• _Provided material_:
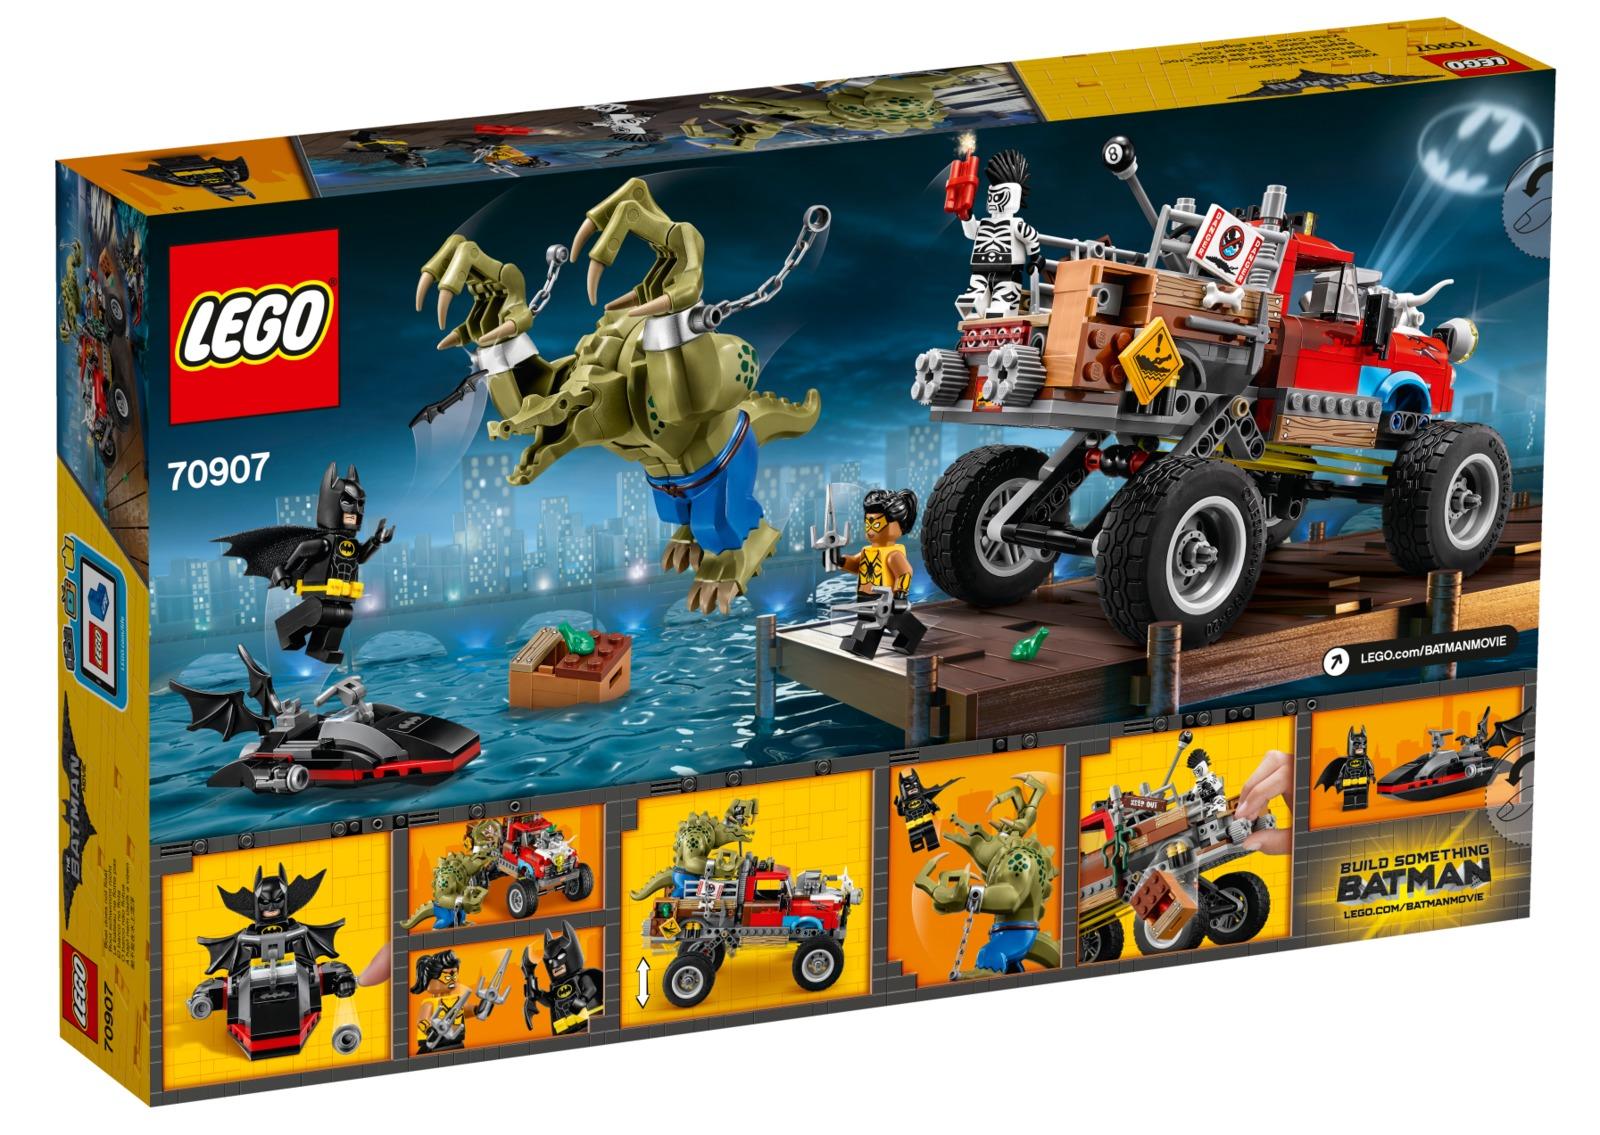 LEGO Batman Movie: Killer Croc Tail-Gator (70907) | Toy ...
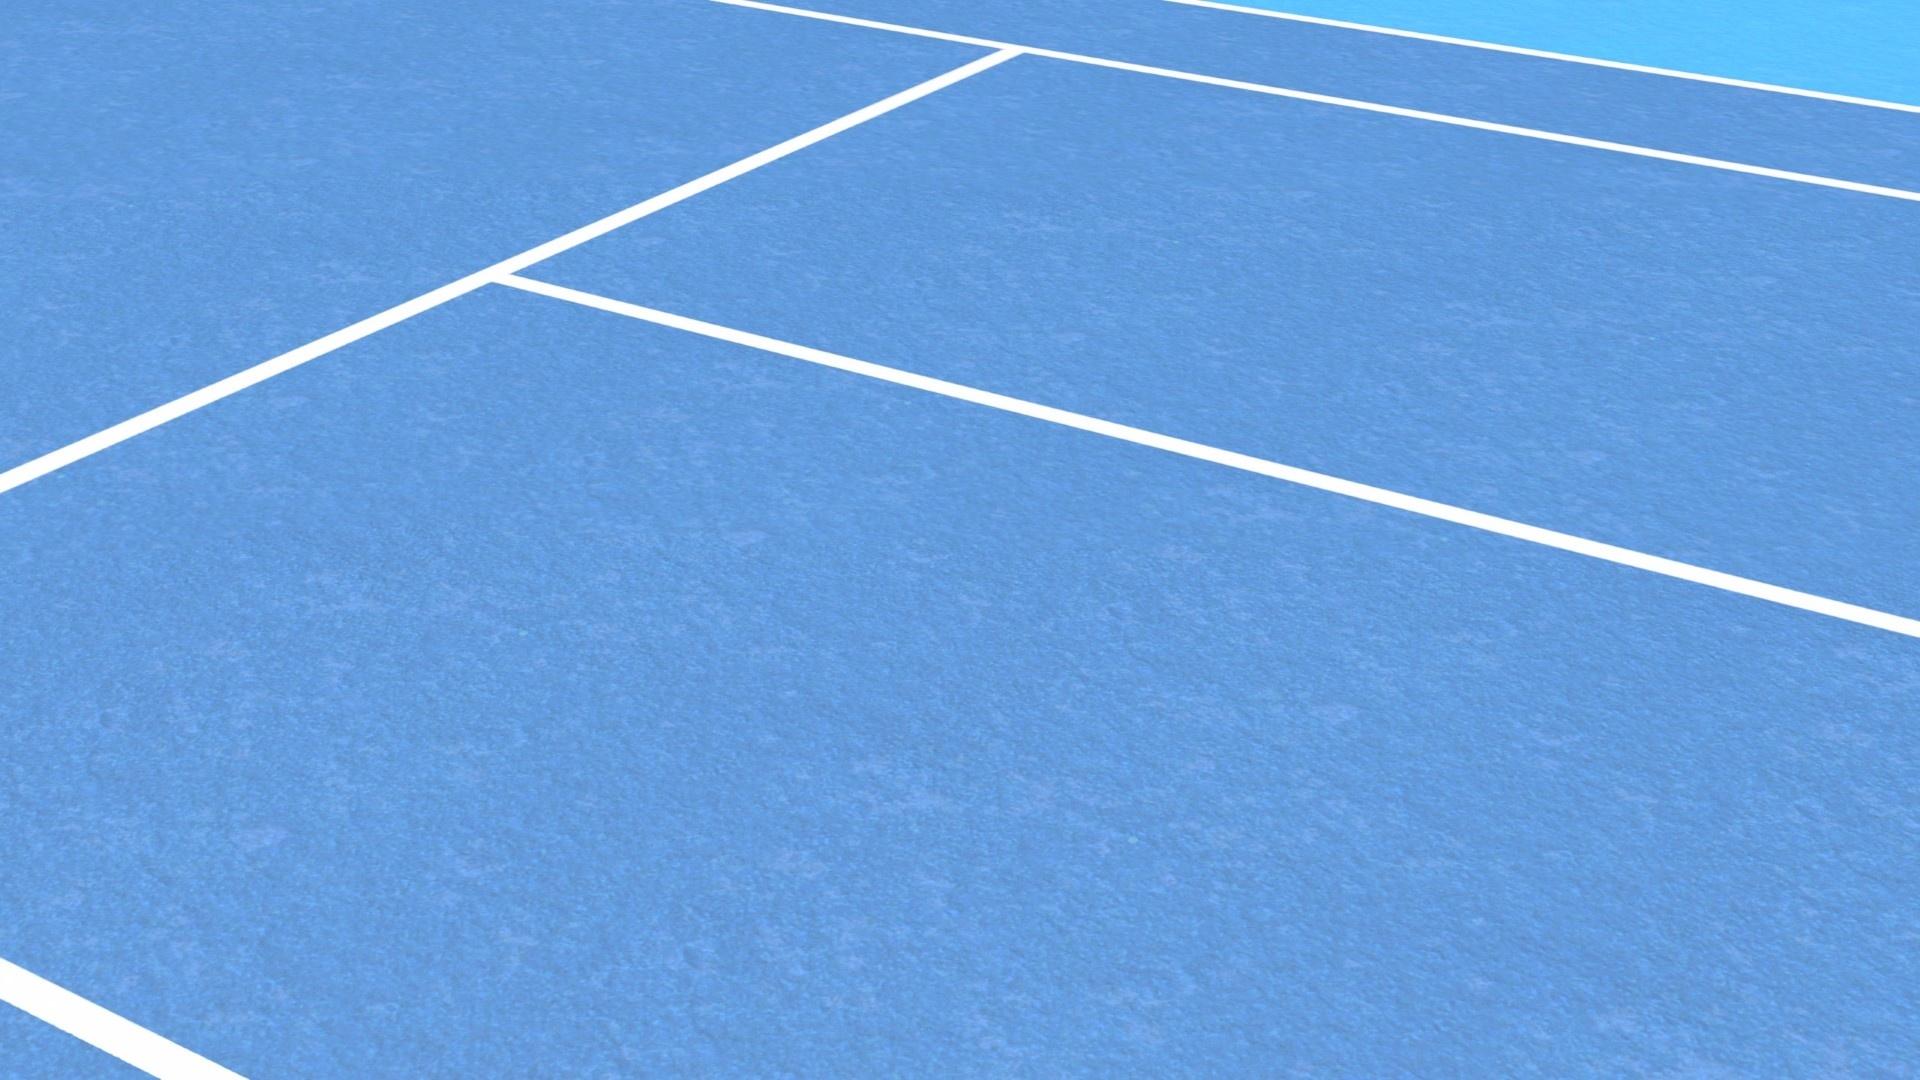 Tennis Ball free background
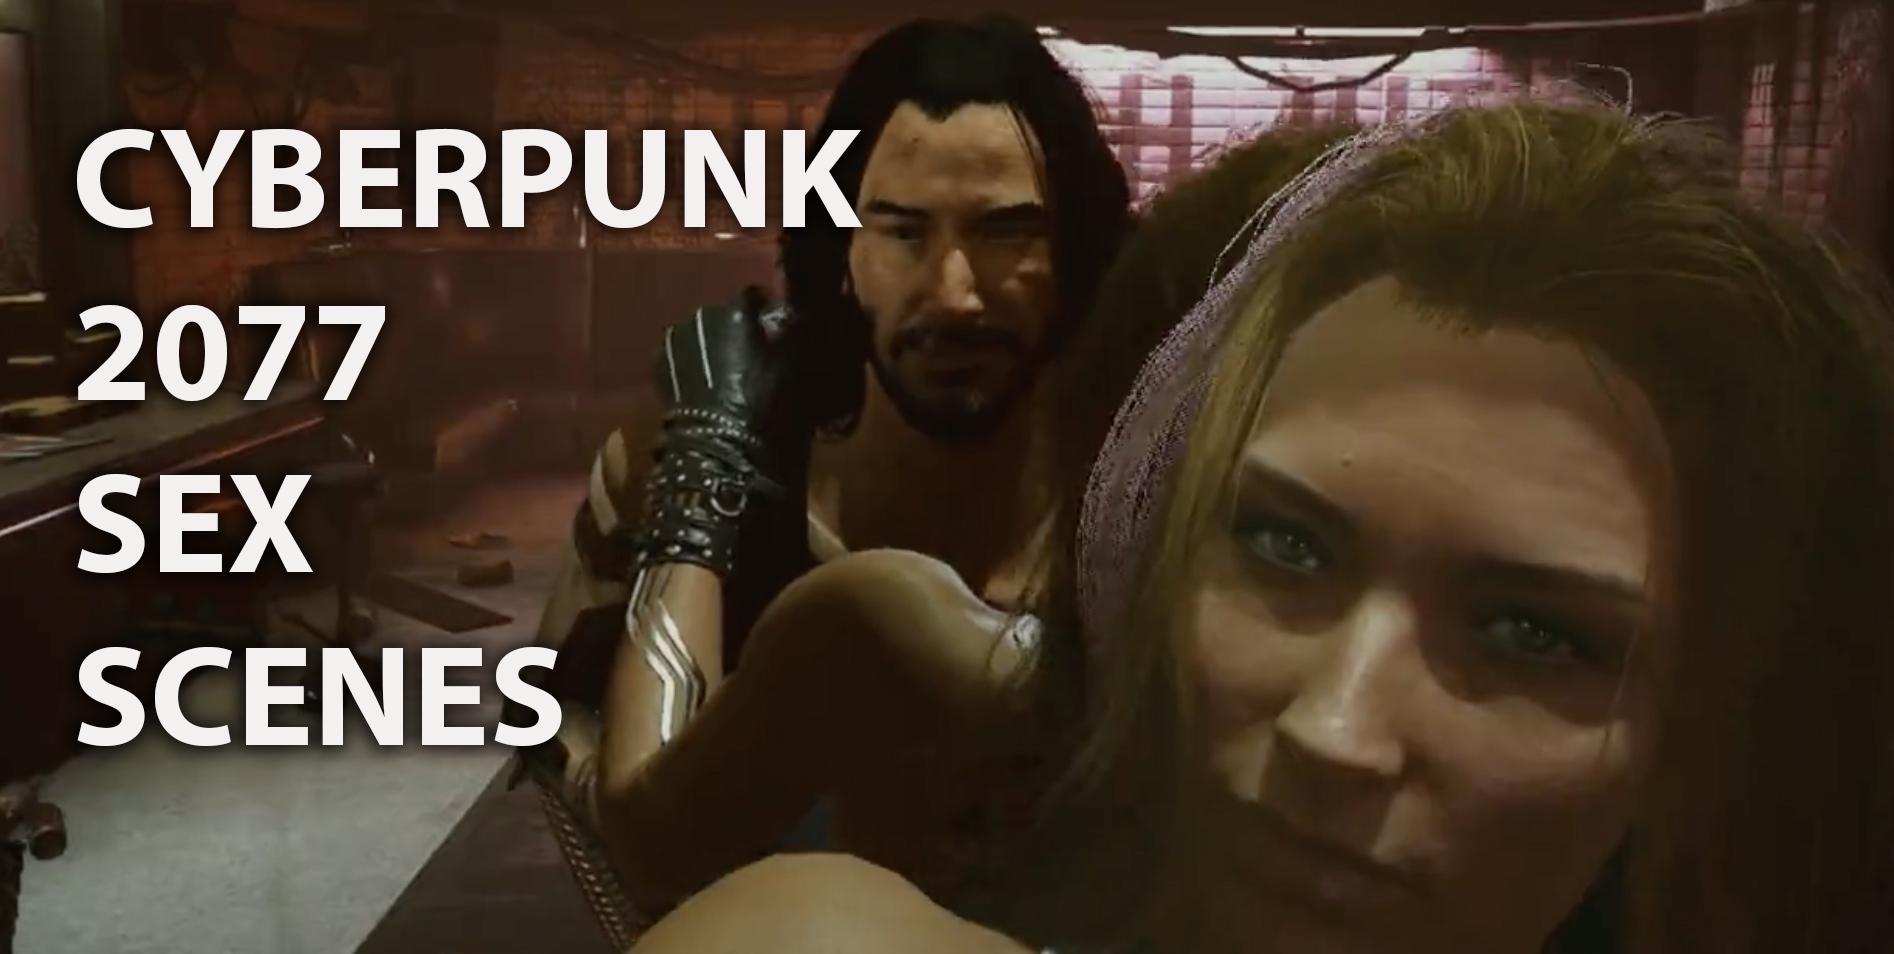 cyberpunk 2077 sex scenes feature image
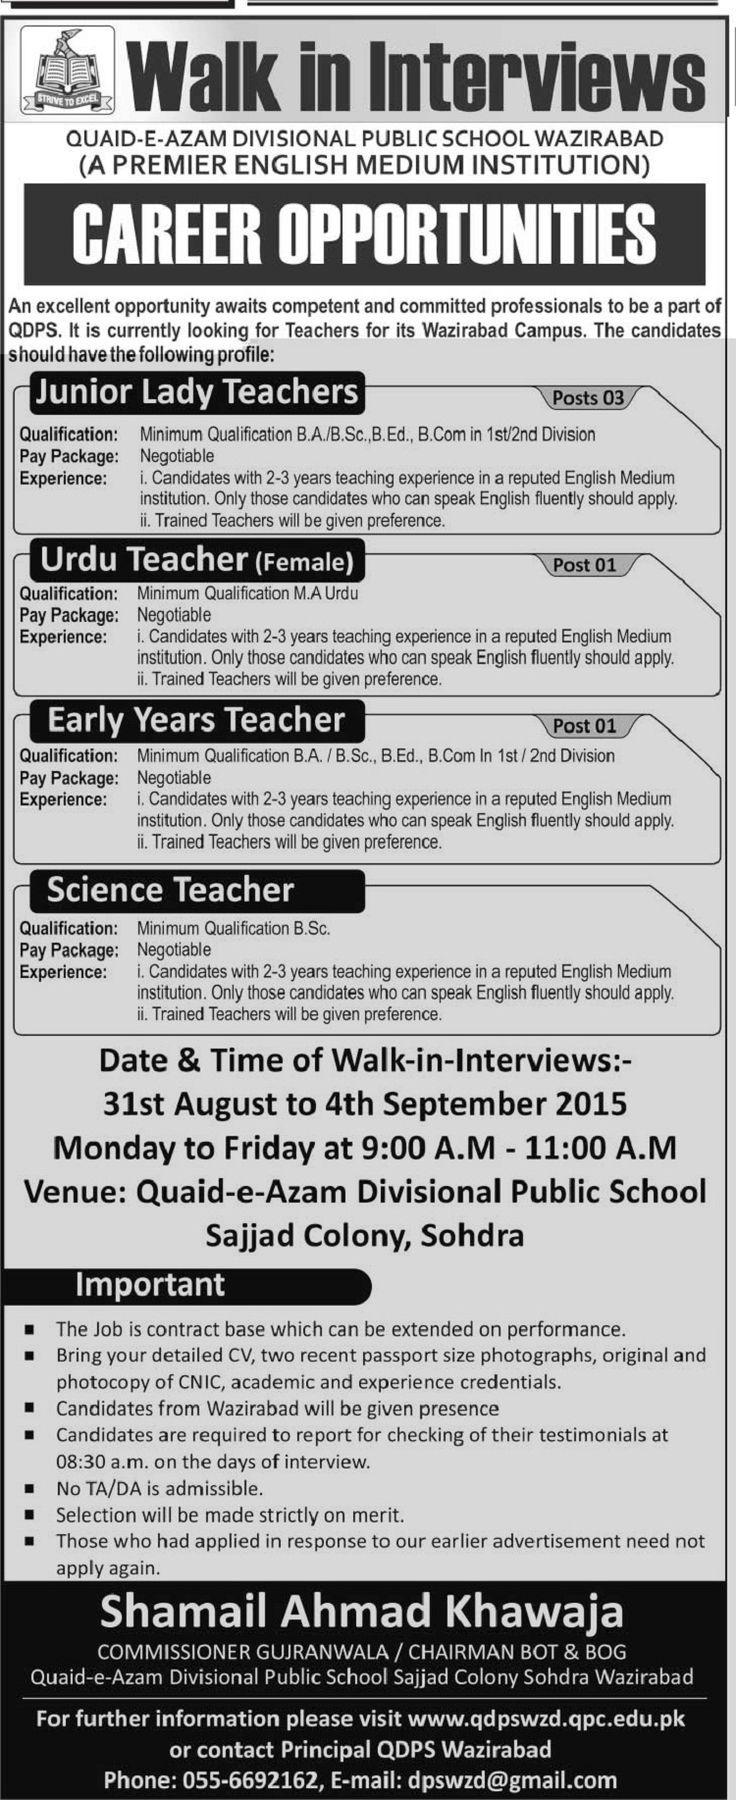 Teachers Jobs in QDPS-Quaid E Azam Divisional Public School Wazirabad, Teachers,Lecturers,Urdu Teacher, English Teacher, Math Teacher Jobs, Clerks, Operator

• _Action item_: Which lines fall between the one containing "Tennis Ball free background" and the last line of the listing, both included? Give them again exactly, without the pictures.

• _Written reply_:
 Tennis Ball free background
 cyberpunk 2077 sex scenes feature image
 Teachers Jobs in QDPS-Quaid E Azam Divisional Public School Wazirabad, Teachers,Lecturers,Urdu Teacher, English Teacher, Math Teacher Jobs, Clerks, Operator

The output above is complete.